With 2 x RTX-3090, the error was thrown by GPU 0.

/home/me/.conda/envs/pcdet/lib/python3.11/site-packages/torch/autograd/__init__.py:200: UserWarning: Error detected in ConvolutionBackward0. Traceback of forward call that caused the error:
  File "/home/me/tmp/OpenPCDet/tools/train.py", line 246, in <module>
    main()
  File "/home/me/.conda/envs/pcdet/lib/python3.11/site-packages/torch/distributed/elastic/multiprocessing/errors/__init__.py", line 346, in wrapper
    return f(*args, **kwargs)
  File "/home/me/tmp/OpenPCDet/tools/train.py", line 190, in main
    train_model(
  File "/home/me/tmp/OpenPCDet/tools/train_utils/train_utils.py", line 225, in train_model
    accumulated_iter = train_one_epoch(
  File "/home/me/tmp/OpenPCDet/tools/train_utils/train_utils.py", line 81, in train_one_epoch
    loss, tb_dict, disp_dict = model_func(model, batch)

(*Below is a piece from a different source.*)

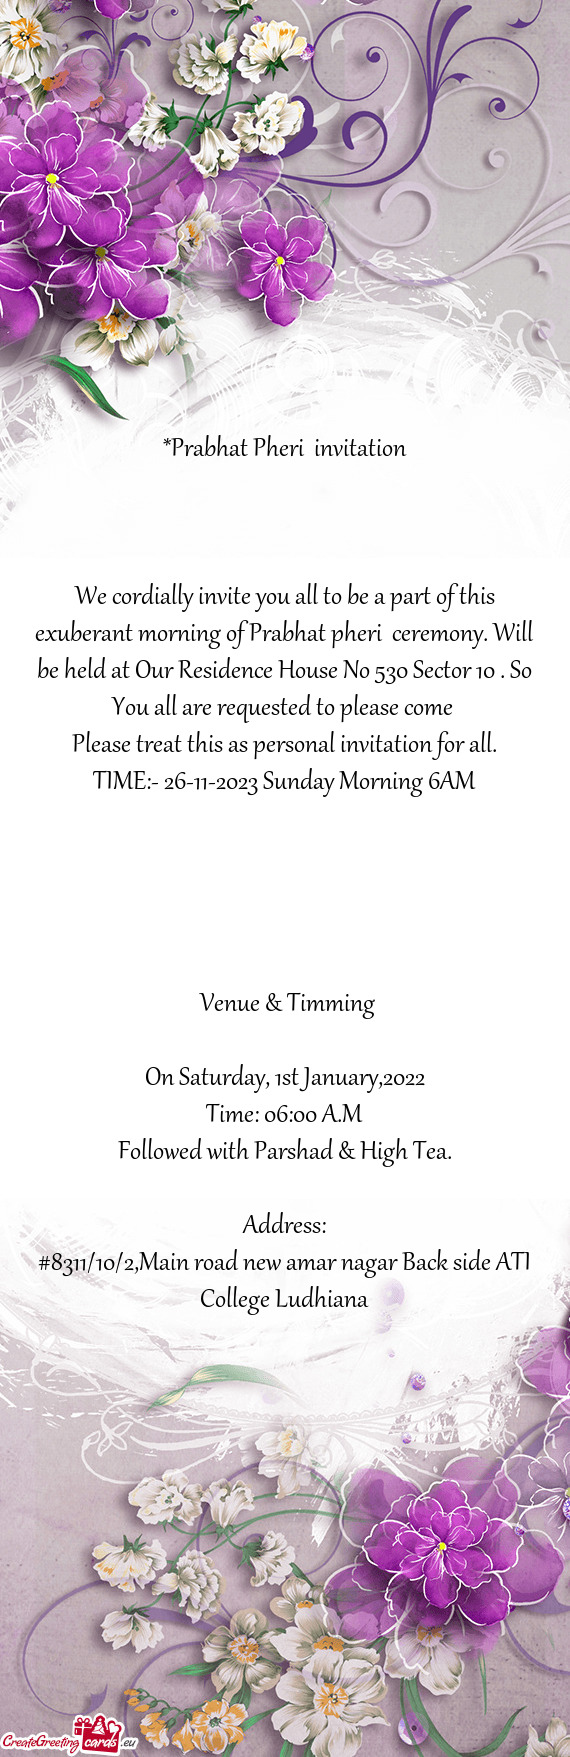 Be held at Our Residence House No 530 Sector 10 . So You all are requested to please come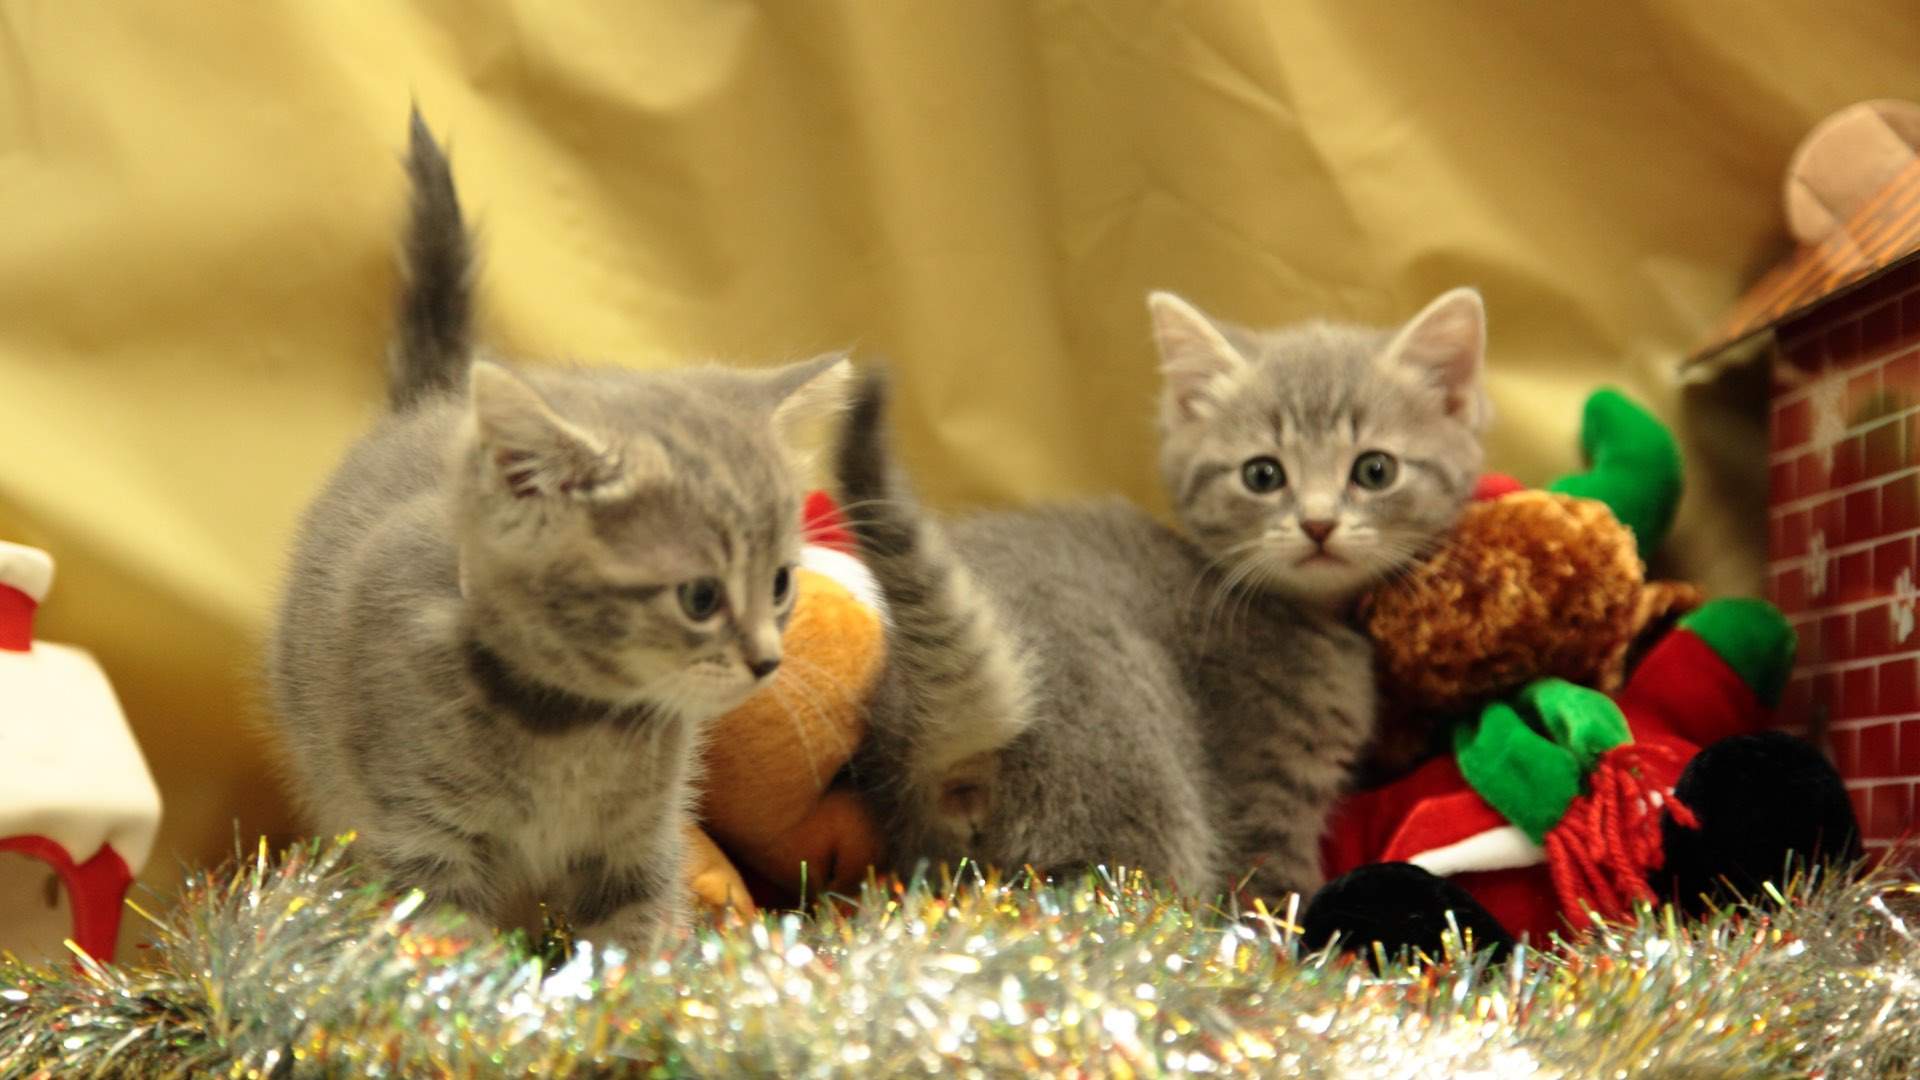 The Cat Protection Society of Victoria Needs New Homes For Kittens Like These

  File "/home/me/tmp/OpenPCDet/tools/../pcdet/models/__init__.py", line 44, in model_func
    ret_dict, tb_dict, disp_dict = model(batch_dict)
  File "/home/me/.conda/envs/pcdet/lib/python3.11/site-packages/torch/nn/modules/module.py", line 1501, in _call_impl
    return forward_call(*args, **kwargs)
  File "/home/me/.conda/envs/pcdet/lib/python3.11/site-packages/torch/nn/parallel/distributed.py", line 1156, in forward
    output = self._run_ddp_forward(*inputs, **kwargs)
  File "/home/me/.conda/envs/pcdet/lib/python3.11/site-packages/torch/nn/parallel/distributed.py", line 1110, in _run_ddp_forward
    return module_to_run(*inputs[0], **kwargs[0])  # type: ignore[index]
  File "/home/me/.conda/envs/pcdet/lib/python3.11/site-packages/torch/nn/modules/module.py", line 1501, in _call_impl
    return forward_call(*args, **kwargs)
  File "/home/me/tmp/OpenPCDet/tools/../pcdet/models/detectors/centerpoint.py", line 14, in forward
    batch_dict = cur_module(batch_dict)
  File "/home/me/.conda/envs/pcdet/lib/python3.11/site-packages/torch/nn/modules/module.py", line 1501, in _call_impl
    return forward_call(*args, **kwargs)
  File "/home/me/tmp/OpenPCDet/tools/../pcdet/models/dense_heads/center_head.py", line 391, in forward
    pred_dicts.append(head(x))
  File "/home/me/.conda/envs/pcdet/lib/python3.11/site-packages/torch/nn/modules/module.py", line 1501, in _call_impl
    return forward_call(*args, **kwargs)
  File "/home/me/tmp/OpenPCDet/tools/../pcdet/models/dense_heads/center_head.py", line 44, in forward
    ret_dict[cur_name] = self.__getattr__(cur_name)(x)
  File "/home/me/.conda/envs/pcdet/lib/python3.11/site-packages/torch/nn/modules/module.py", line 1501, in _call_impl
    return forward_call(*args, **kwargs)
  File "/home/me/.conda/envs/pcdet/lib/python3.11/site-packages/torch/nn/modules/container.py", line 217, in forward
    input = module(input)
  File "/home/me/.conda/envs/pcdet/lib/python3.11/site-packages/torch/nn/modules/module.py", line 1501, in _call_impl
    return forward_call(*args, **kwargs)
  File "/home/me/.conda/envs/pcdet/lib/python3.11/site-packages/torch/nn/modules/conv.py", line 463, in forward
    return self._conv_forward(input, self.weight, self.bias)
  File "/home/me/.conda/envs/pcdet/lib/python3.11/site-packages/torch/nn/modules/conv.py", line 459, in _conv_forward
    return F.conv2d(input, weight, bias, self.stride,
 (Triggered internally at /opt/conda/conda-bld/pytorch_1682343995622/work/torch/csrc/autograd/python_anomaly_mode.cpp:114.)
  Variable._execution_engine.run_backward(  # Calls into the C++ engine to run the backward pass

It shows that the problem occur at the dense_head. Since i have not go through the code, and just want to reproduce the results the README.md post, i need the help to tell what happen for the code position to turn into NaN output.